● **Given data**
==*==
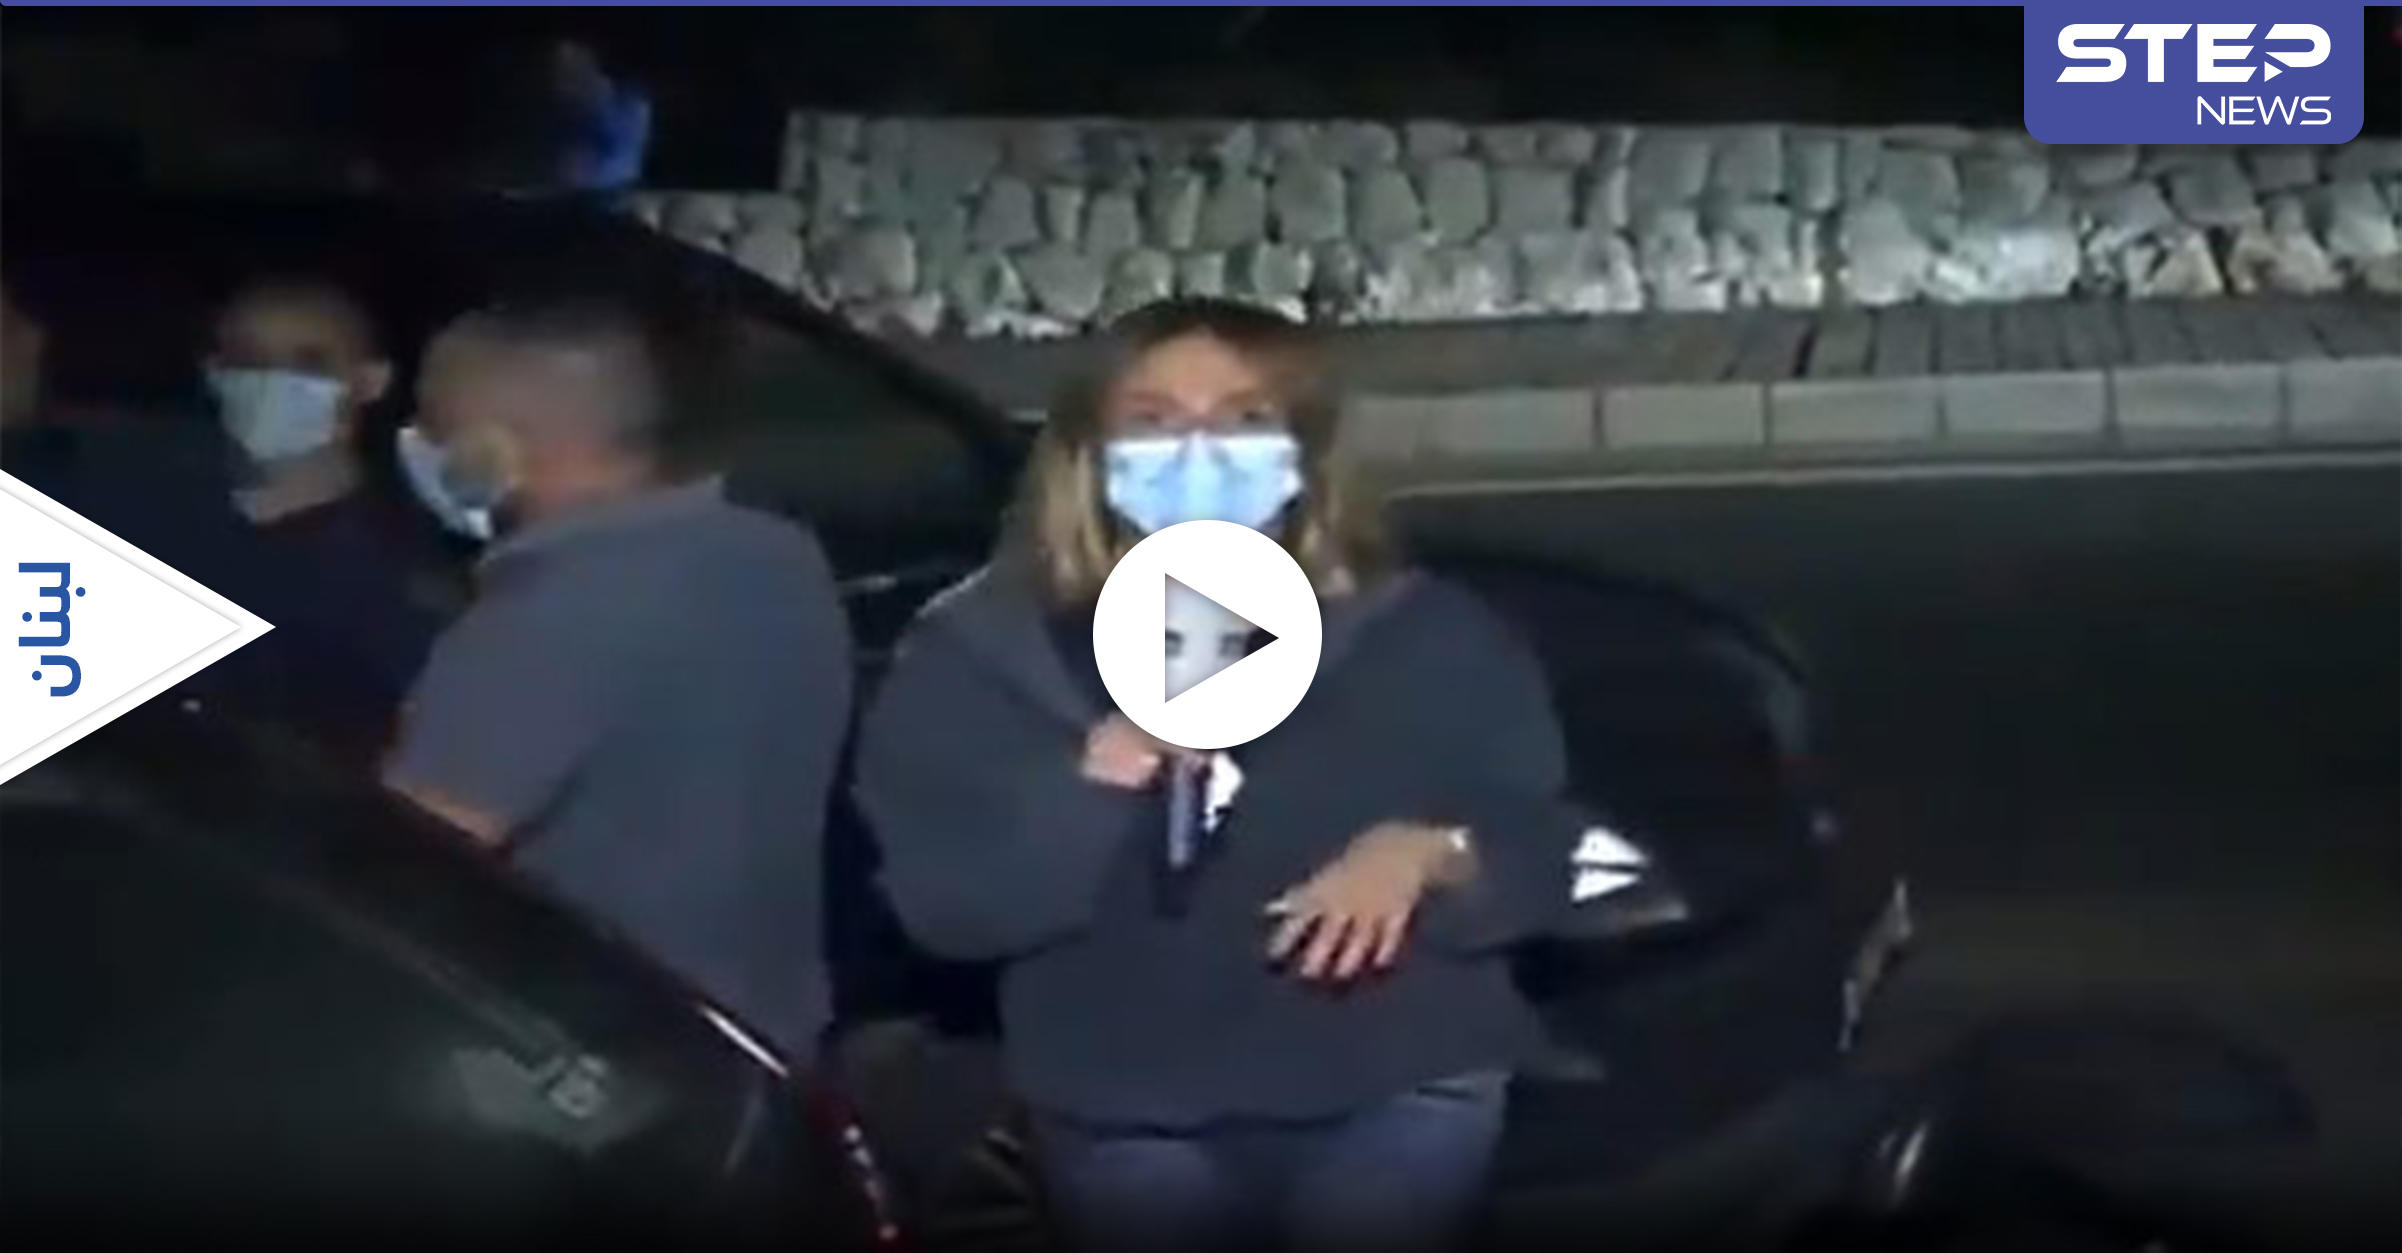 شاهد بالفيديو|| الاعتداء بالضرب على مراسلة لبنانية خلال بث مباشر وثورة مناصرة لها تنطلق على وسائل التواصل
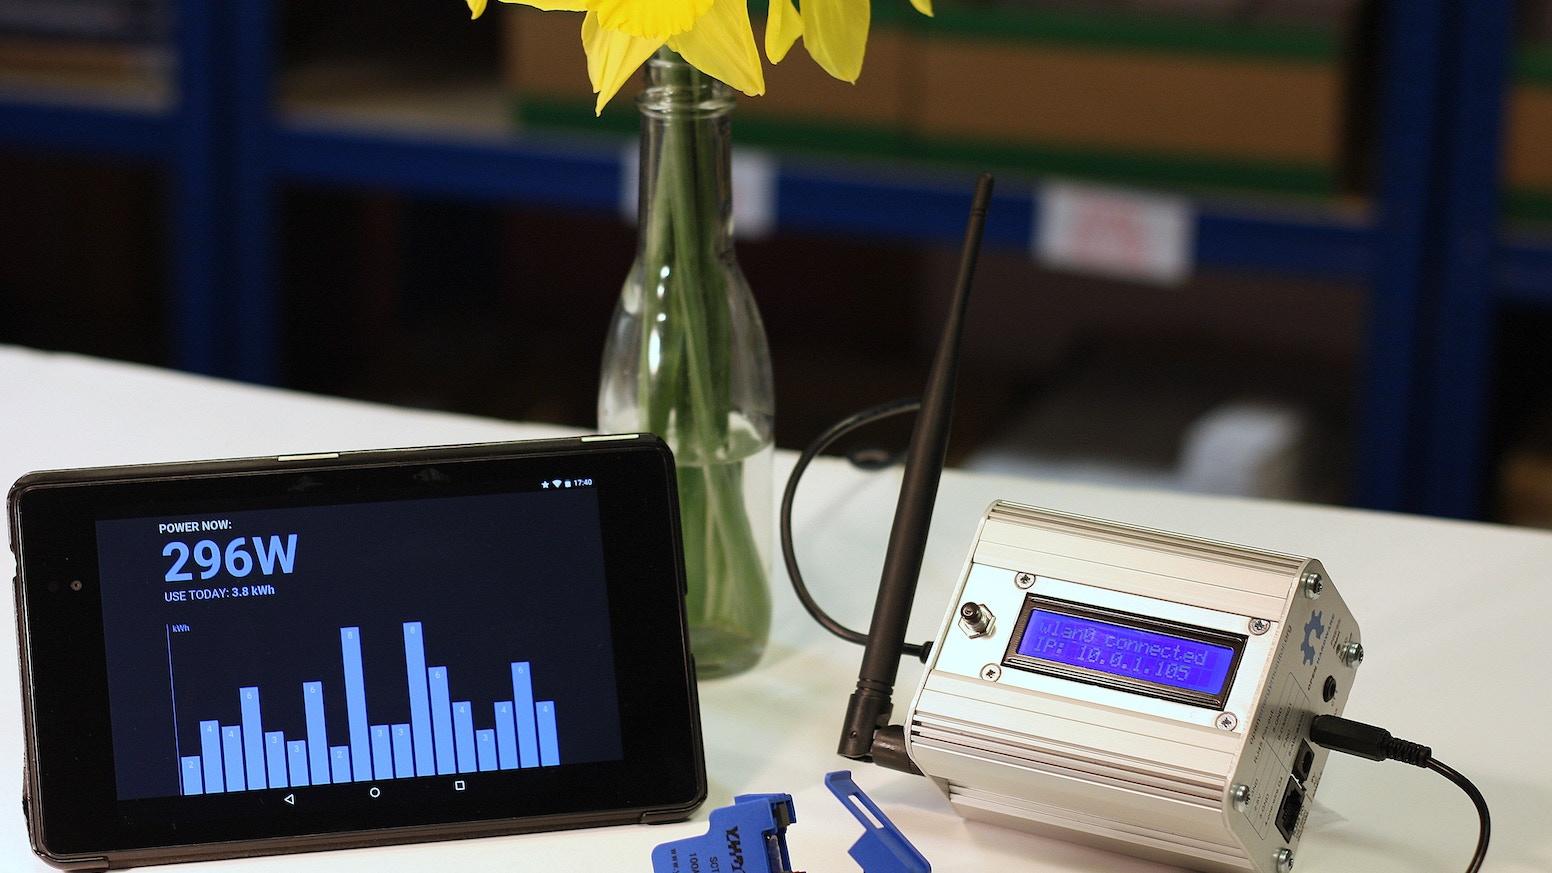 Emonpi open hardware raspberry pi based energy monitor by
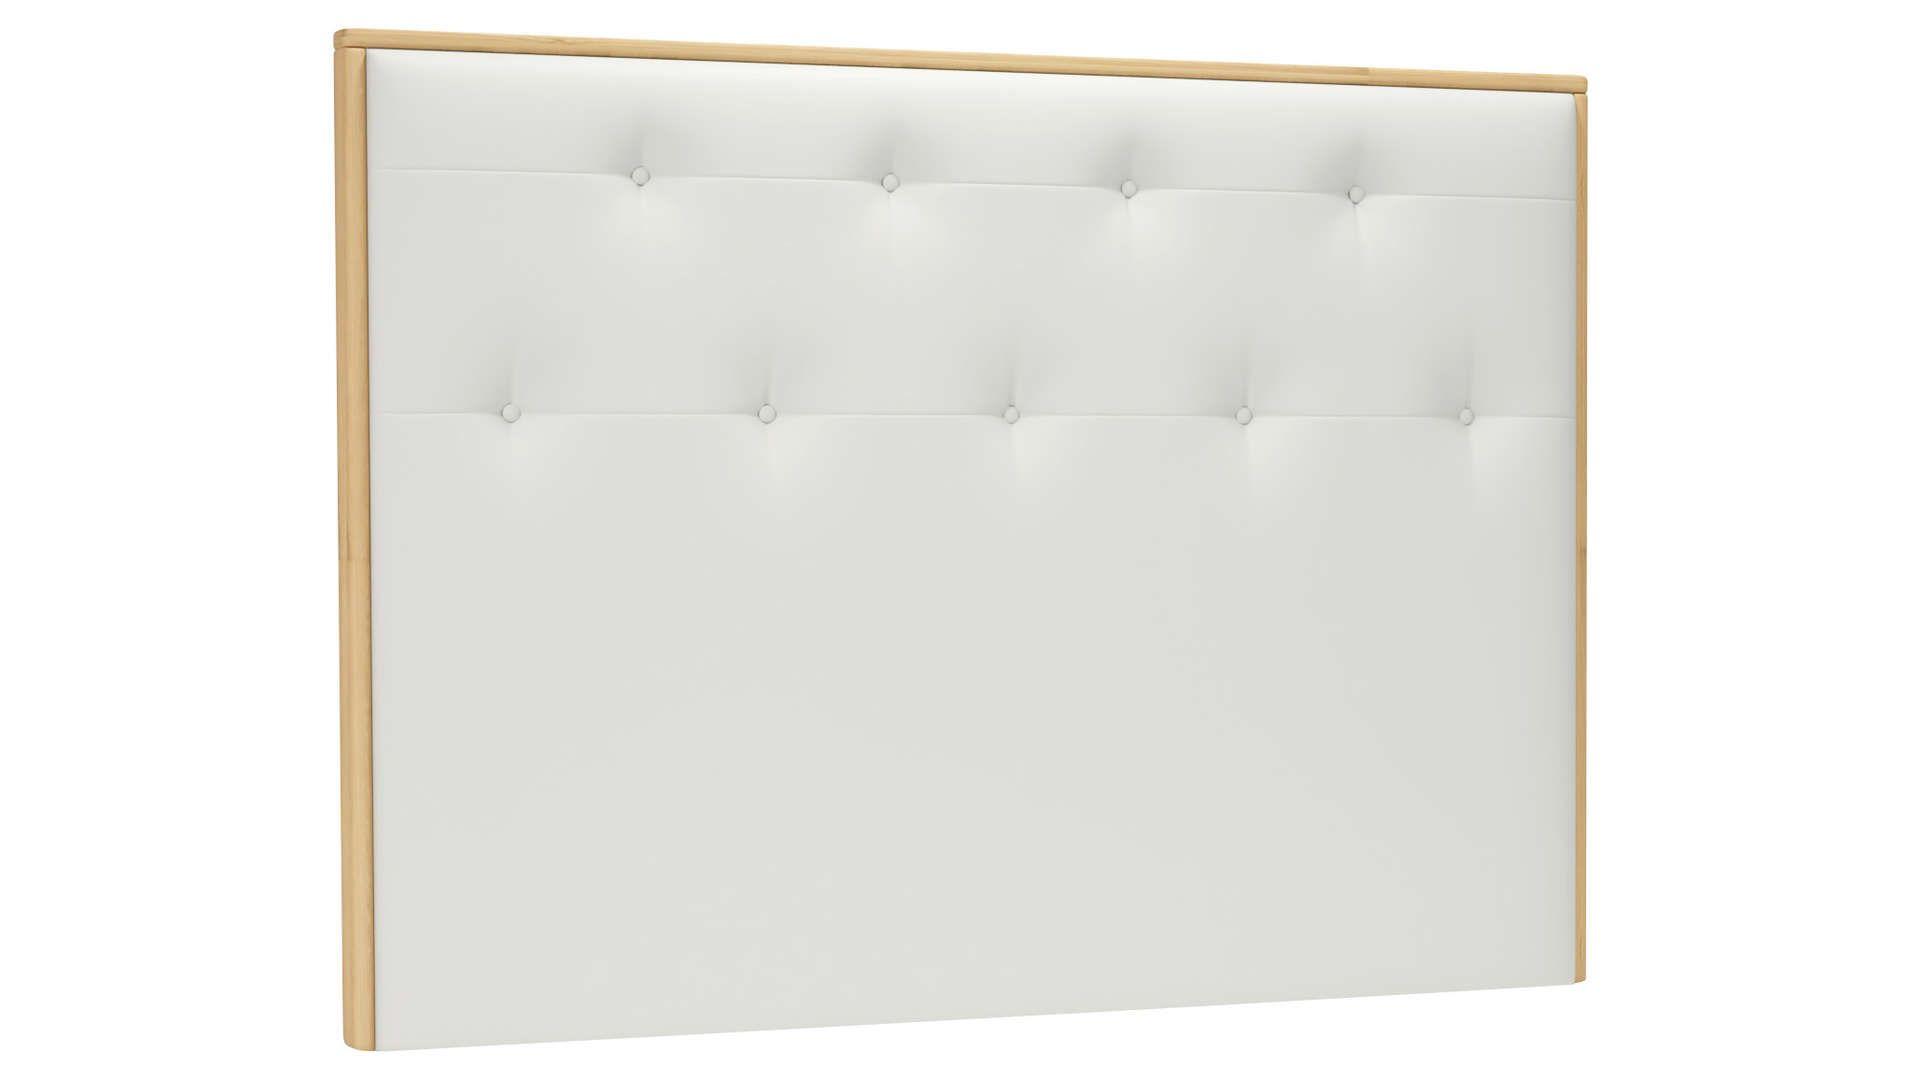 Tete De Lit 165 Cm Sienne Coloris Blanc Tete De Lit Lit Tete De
==*==
● **Exercise**
Word for word, write out the full listing, leaving the pictures aside.

● **Exercise response**
 شاهد بالفيديو|| الاعتداء بالضرب على مراسلة لبنانية خلال بث مباشر وثورة مناصرة لها تنطلق على وسائل التواصل
 Emonpi open hardware raspberry pi based energy monitor by
 Tete De Lit 165 Cm Sienne Coloris Blanc Tete De Lit Lit Tete De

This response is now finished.